Manooch Suree, Director at Uxbridge-based Zinga Financial Services, said it is good news for borrowers.

He added: “Nationwide cutting selected fixed rates by up to 0.25% is a welcome boost for buyers and homeowners. With markets still reacting to inflation, interest rate expectations and global economic news, lender pricing can move quickly.

“If you’re buying, moving or remortgaging, it’s worth reviewing your options now. Overall any reduction is good news for the current housing market and wider economy.”

Omer Mehmet, Managing Director at Welling-based Trinity Finance, welcomed the cuts.

He added: “With the oil price returning to pre-war levels, there is a sense of optimism in the air after a turbulent few months. When major lenders like the Nationwide cuts rates, others tend to follow.”

Michelle Lawson, Director at Fareham-based Lawson Financial, said she expects more reductions in the coming weeks.

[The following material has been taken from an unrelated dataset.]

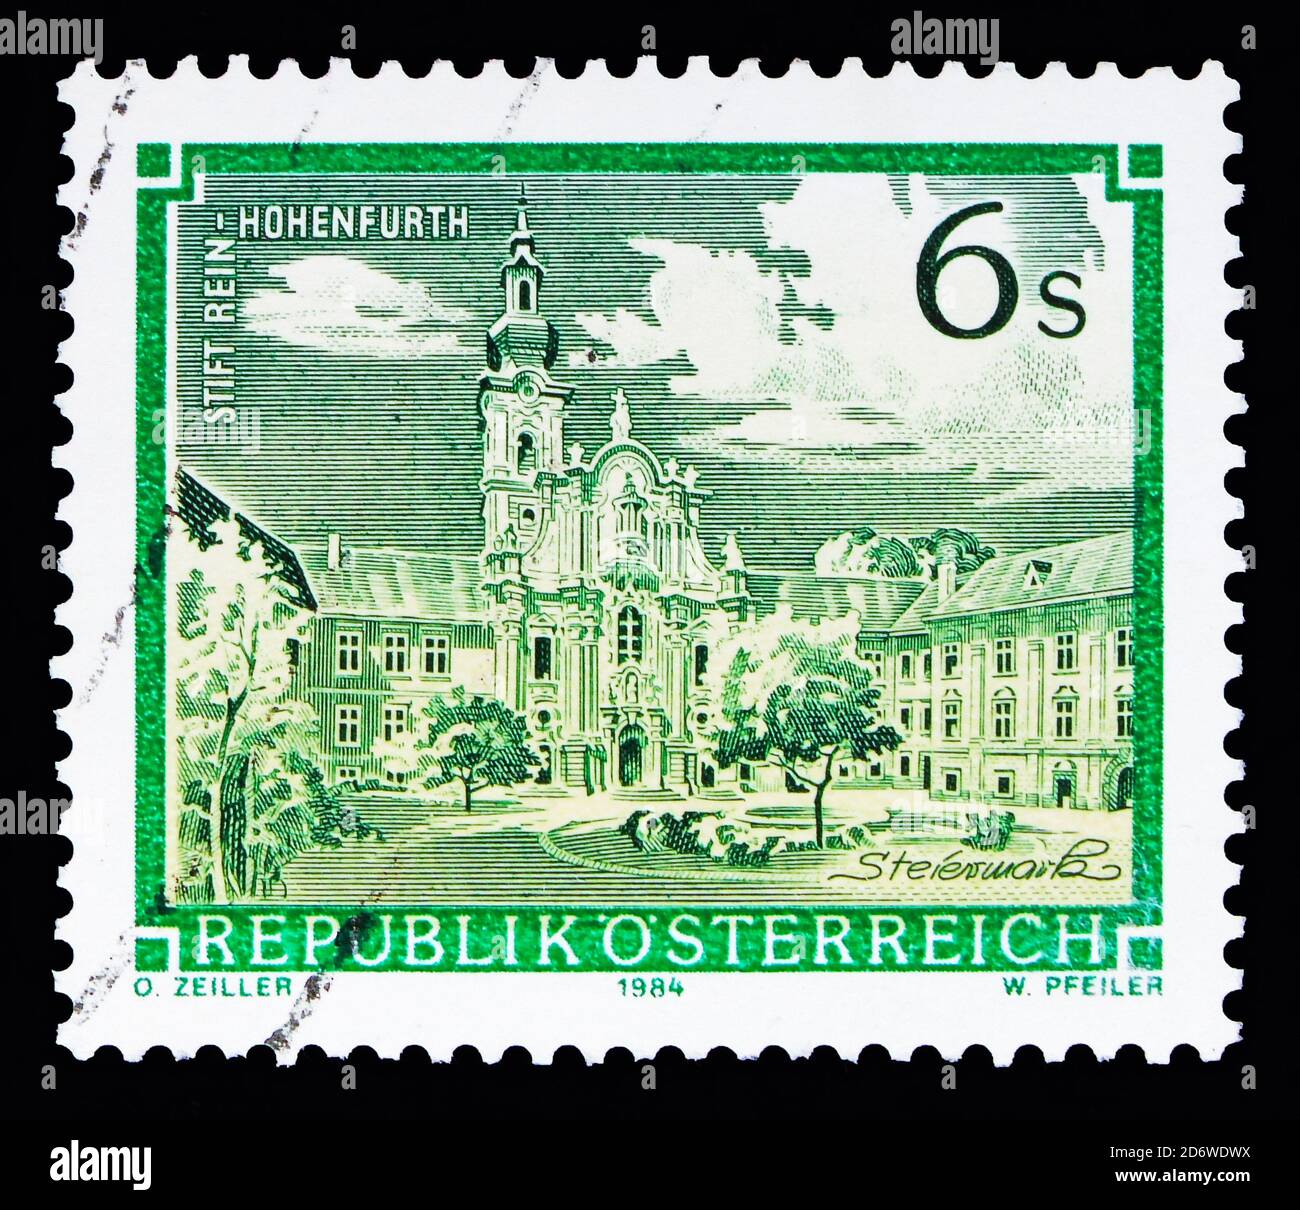 MOSKAU, RUSSLAND - 13. MAI 2018: Eine in Österreich gedruckte Briefmarke zeigt das Kloster rein-Hohenfurth, Klöster und Klöster, um 1984 Stockfoto

She added: “Temperatures aren’t the only things hotting up. Nationwide are reducing their rates further to tempt borrowers off the beach. As markets stabilise we will see some more of this in the coming weeks.”

As markets stabilise we will see some more of this in the coming weeks

Justin Moy, Managing Director at Chelmsford-based EHF Mortgages, warned that there is unpredictability on the horizon.

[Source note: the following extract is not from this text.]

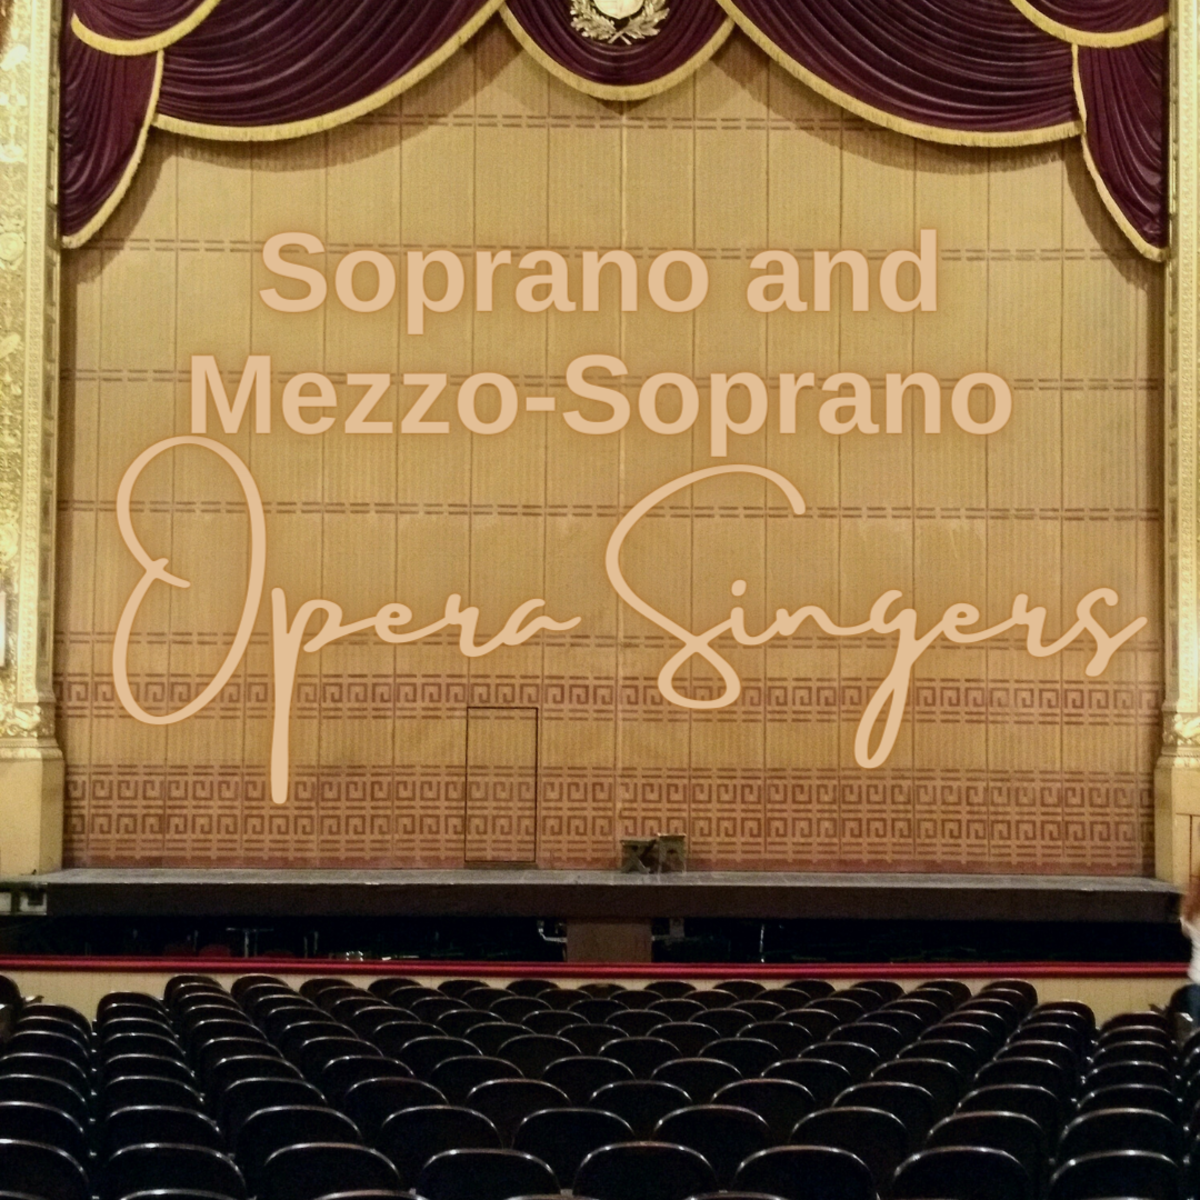 Today's Best Opera Singers: Sopranos and Mezzo-Sopranos

He added: “Welcome news from Nationwide and others who have recently cut rates, as swaps have melted in the heat this week, allowing lenders to pass on these savings.

“As always, the recommendation is to pick up a new deal as soon as possible, as the Middle East conflict can flare up at any time, and a change of prime minister can cause market jitters as well. No need for oven gloves just yet, rates are just starting to warm up again.”

Rohit Kohli, Director at Romsey-based The Mortgage Stop, said you need to lock in a rate.

He added: “It’s 36C outside and mortgage rates are coming down. This is about as good as it gets in the UK – which is precisely why borrowers should be acting now, not waiting to see what happens next. We’re getting a new prime minister. The Iran conflict is ceasefire on paper, knife edge in practice.

“The market is moving in the right direction today – but any of those factors could change the picture within weeks. If the deal stacks up now, there’s no logic in holding out for better. Nobody predicted record June temperatures either. Make hay while the sun shines. Right now, it’s blazing.”

Make hay while the sun shines

David Stirling, Independent Financial Adviser at Belfast-based Mint Wealth, said now is the time to act.

He added: “Nationwide is cutting fixed rates by up to 0.25% from tomorrow – and while that might not sound like cause for celebration – it is part of a broader repricing across the market. Swap rates are falling in anticipation of further Bank of England cuts. Fixed rates are priced on where money is going, not where it is today, which is why lenders are moving now.

“That said, waiting for the ‘perfect’ rate is a bit like waiting for a quiet day on the M25, which is theoretically possible, but nobody has ever actually seen one. If your fixed rate deal is ending soon, now is the time to act.”

Aaron Strutt, Product and Communications Director at London-based Trinity Financial, said he hopes other big lenders will follow Nationwide’s lead.

He added: “Nationwide has just announced that it is lowering its rates again after its last set of price cuts on the 16th June. The bigger lenders are improving their rates more frequently at the moment, which is good news for home buyers and the lender’s existing mortgage customers.

“Nationwide already had the cheapest two- and five-year fixes but the lender is lowering its prices again hot on the heels of Barclays which dropped its rates twice in the space of a few days. Hopefully a few other big lenders will do the same thing soon.

“These rates are still not as low as the best trackers starting from 3.96% but they seems to be getting closer every few days with all of these rate cuts. A change of prime minister is expected to bring more economic instability – but hopefully it doesn’t hit the mortgage market.”